О Рубцове

Константин КУЗЬМИНСКИЙ

ВЕЛИКОРУССКИЙ СОЮЗ ИУДОВИЧЕЙ

Коллеги Рубцова по рязанскому - тьфу! - вологодскому отделению Союза писателей почтили память поэта "Воспоминаниями о Рубцове" - малым тиражом и к тому же, чуть ли не арестованным по выходе. Нет смысла перечислять эту скотоферму - об этом уже потщился великий Исаевич, увековечив в своем "Бодался теленок с дубом" имена всех этих Матушкиных, Баранниковых, Кожевниковых, Ворониных, Поварешкиных. И не лень было, старому дураку! Я так просто - кроме Яшина, да Астафьева и его жены - никого не упомнил. Какие-то, вологодские. Члены, однако ж.

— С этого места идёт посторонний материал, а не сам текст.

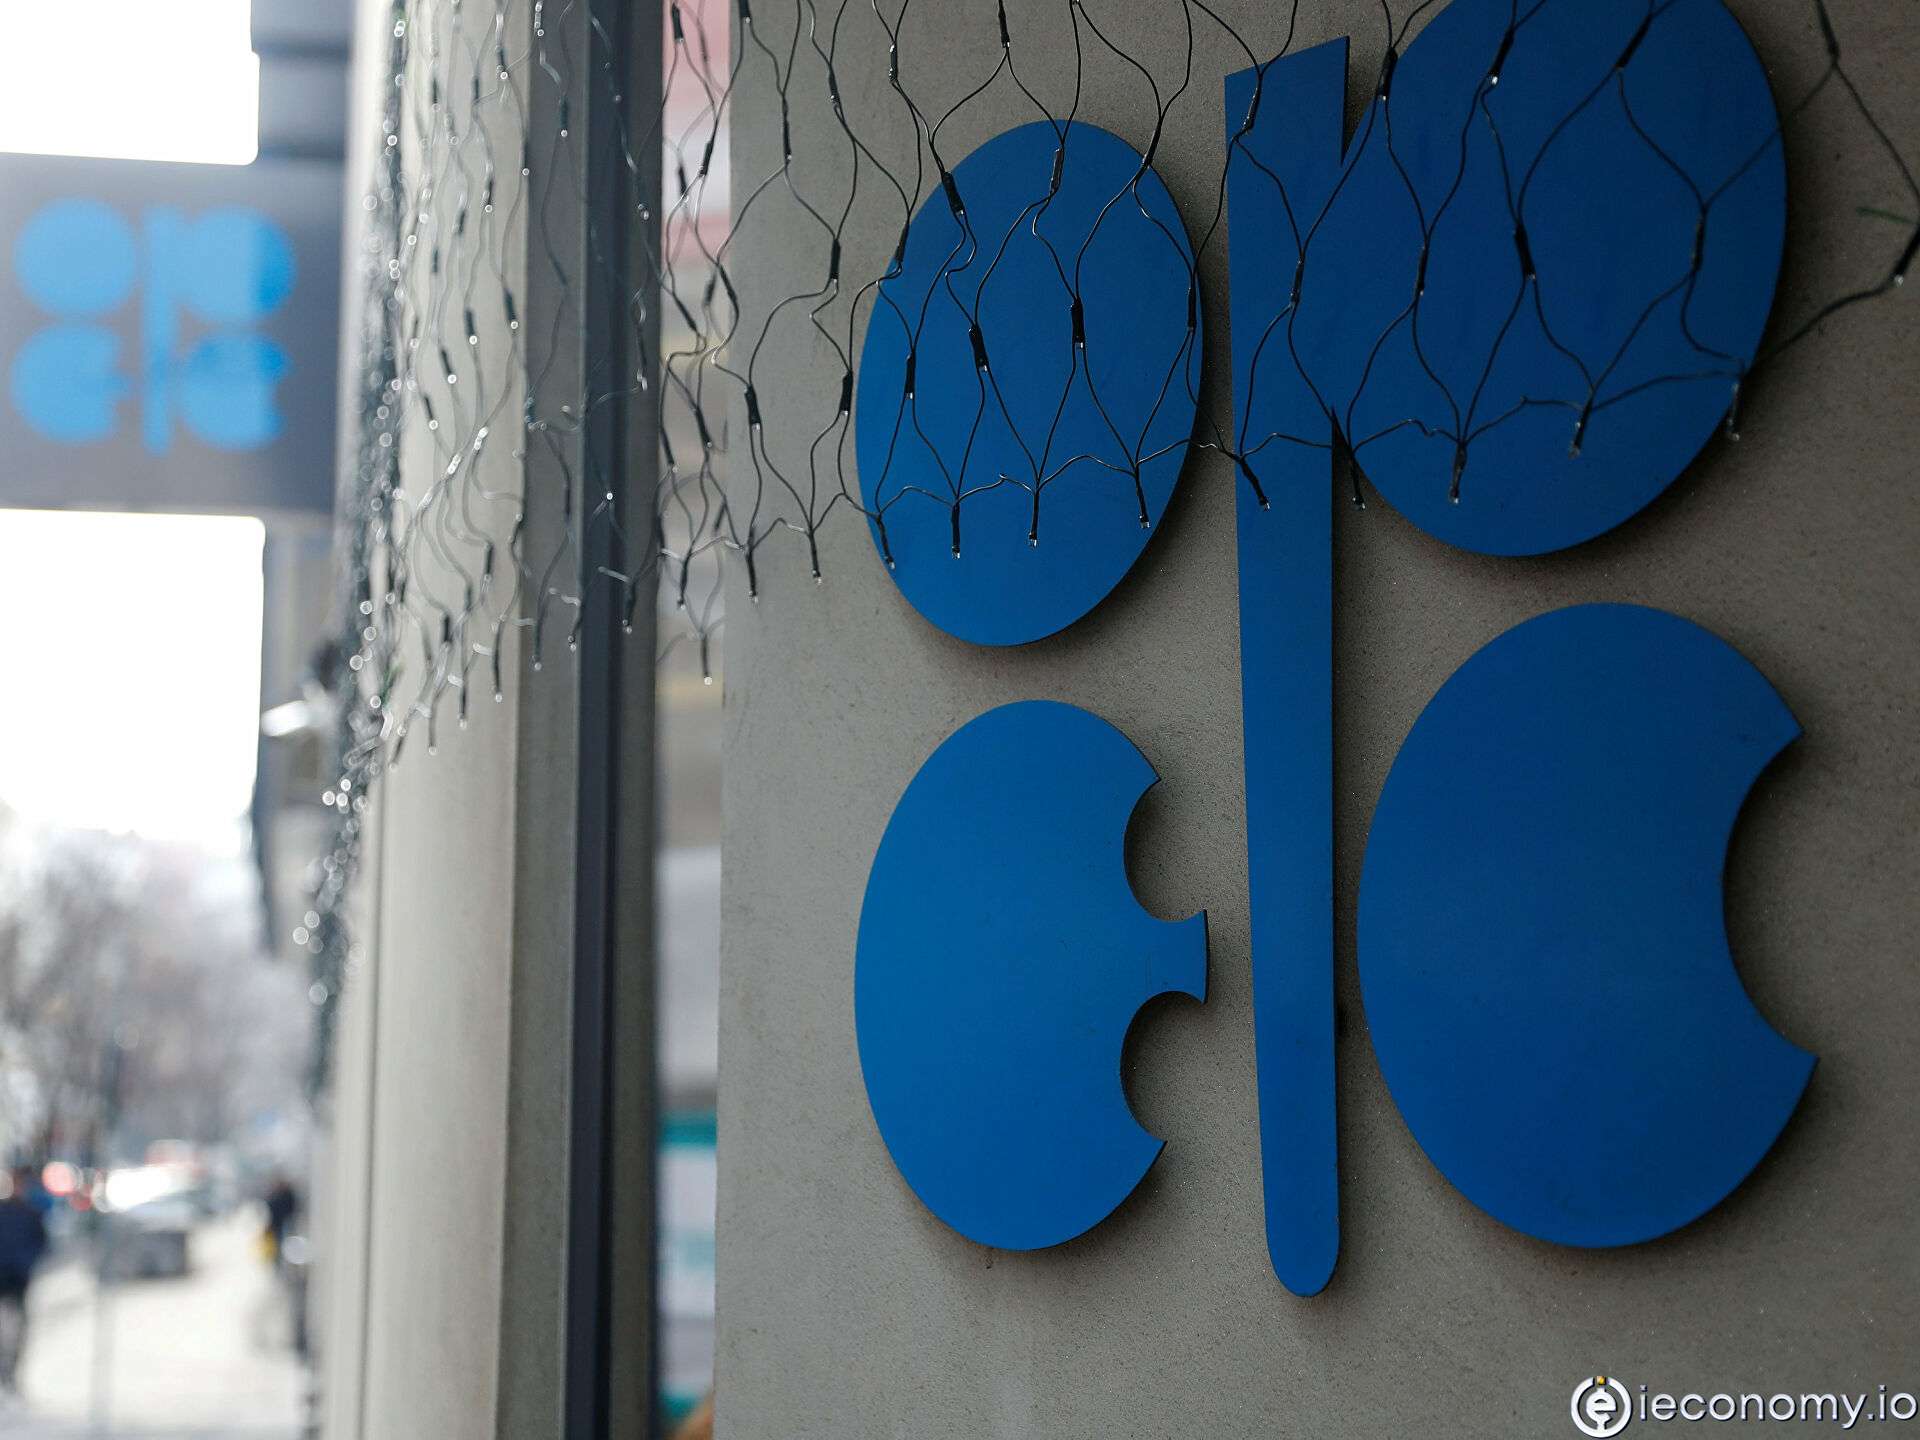 OPEC +, üretimi artırma planını değiştirmeden bırakmayı onayladı

И вот, в воспоминаниях этих членов - вкупе когда - проскальзывает одна и та же нота: о "неустроенности" поэта, мотавшегося из Москвы в Вологду и не имевшего ни там, ни там пристанища, о нищете его, о том, что "вспоминал он сытые годы на флоте, когда о кормежке заботился не он, а старшина" (потом найду страницу, книжку уже Мышь нашла), о редких публикациях, о том, что однокомнатную квартиру в Вологде он получил лишь перед смертью, и "даже не успел в ней пожить".

Это в самой счастливой стране мира. В стране справедливости. А где же были все мемуаристы? А в Союзе, печатались, получали квартиры и не вспоминали "сытую жизнь" на флоте, заботами старшины...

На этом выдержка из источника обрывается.